But that tumultuous week in Portugal – which included a historic 5-3 loss to Denmark – wasn’t the problem, Gulati said Monday. There were “underlying issues” that were both stylistic and personality-driven.

Sermanni guided the team to an unbeaten 2013 record, but more importantly gave young players – and previously uncapped veterans – chances that they previously didn’t get. He was willing to make changes consistently and try new pairings and formations.

And ultimately, that could be what cost him his job.

“Change can cause discontent, generally, of course,” on an individual level, Gulati said.

He says that there was no player uprising nor one specific event that led to Sermanni’s firing, and reiterated praise for Sermanni’s upstanding character.

“This isn’t a group of players coming and seeking us out.”

The U.S. women excelled under former coach Pia Sundhage, whose greatest trait was managing a group of superstars and maintaining just enough collective chemistry to make them all gel. Gulati reiterated that Sermanni is a “class guy.”

Sundhage was a free spirit, and there was a perception that players, on the whole, admired her as more than a coach, but a friend. There was camaraderie and chemistry. Sermanni is laid back as well, but in his own way.

“Tom does have a unique style and Pia’s is very different,” Gulati said. “What I would say is the demand both of all of us for the women’s program, and in some way of the women’s team itself, fits very well with certain styles and not so well with, perhaps, other styles.

“But that’s also individual players. It’s rare that everyone in a particular team finds a style that they buy into, but it’s important that they collectively buy into the direction and how you are moving forward, and we had some concerns there.”

Somewhere along the line, though, the powers that be – Gulati, USSF CEO Dan Flynn, and at least some players – lost faith in Sermanni’s still-developing vision.

Sermanni’s implementation of new talent like 21-year-olds Crystal Dunn and Morgan Brian look like they will both pay immediate dividends at the 2015 World Cup and in several cycles to follow. One eye on winning now, one eye on development – that was the message when Sermanni was hired, and that was what, on the surface, he was doing.

“We wanted someone who could continue to guide the women’s national team at a high level and keep us at the right place internationally, which is right now at the top, and also to become involved in a broader scope on player development,” Gulati said on Oct. 31, 2012, when Sermanni was announced as the new U.S. coach.

Those comments came after a two-month search that involved over 30 qualified candidates.

Gulati on Monday didn’t deny that player development is always part of the job, regardless of who is coaching or when. The search for a new coach is already underway and could take several weeks or more. Just as she did when Sundhage left in 2012, Jill Ellis will serve as interim coach, starting Thursday when the U.S. plays China again in San Diego (11 p.m. ET, NBCSN & Live Extra).

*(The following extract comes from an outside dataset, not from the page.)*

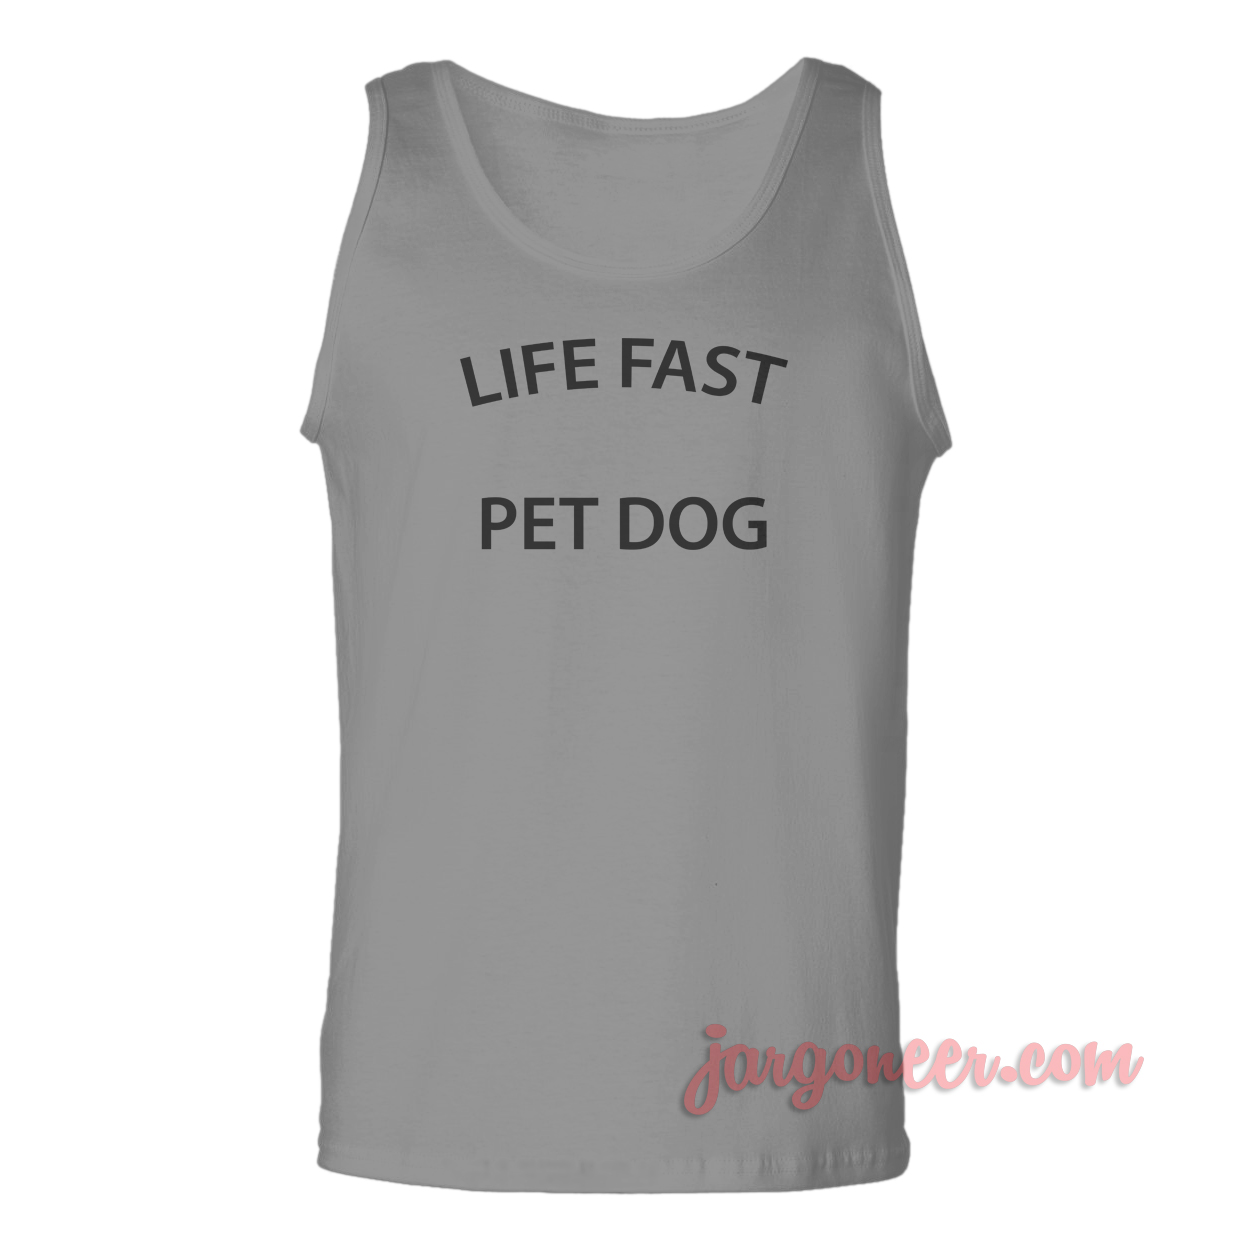 Life Fast Pet Dog - Shop Unique Graphic Cool Shirt Designs

Sermanni said he was previously unaware of any discontent among players, but he “would doubt if it was just solely Sunil” who made the decision to fire him.

“I stand to be corrected, but I’m an open communicator with players over the last 16 months or so, whether in individual meetings or casual meetings. I’ve certainly stated from Day 1 that if players did have any issues, whether they be soccer-related or other, that my door was always open.”

Players have been noticeably silent since the coaching change, with only goalkeeper Hope Solo tweeting a departing thank you to Sermanni as of Monday afternoon:

ESPN’s Julie Foudy reports that players were instructed not to use social media to address the firing.

Seven or eight players visited Sermanni after the news dropped, the Scotsman said, and a few others sent emails.

The United States women’s program continues to be a paradox. “Win now” will always be a priority, and that’s how it is for any of the world’s best teams, male or female. The team’s No. 1 priority is to win the 2015 World Cup. That’s been the goal since the U.S. women walked off the field on July 17, 2011, after losing to Japan in the World Cup final. The Olympics, which the Americans have championed three consecutive times, pale in comparison to the World Cup.

But this is a team in transition, marked by a core group of veterans and a promising batch of early-20-somethings who continued to get looks under Sermanni.

source: Getty Images
Tom Sermanni talks to Jill Ellis, who will serve as interim USWNT coach. Could she take over permanently? (Getty Images)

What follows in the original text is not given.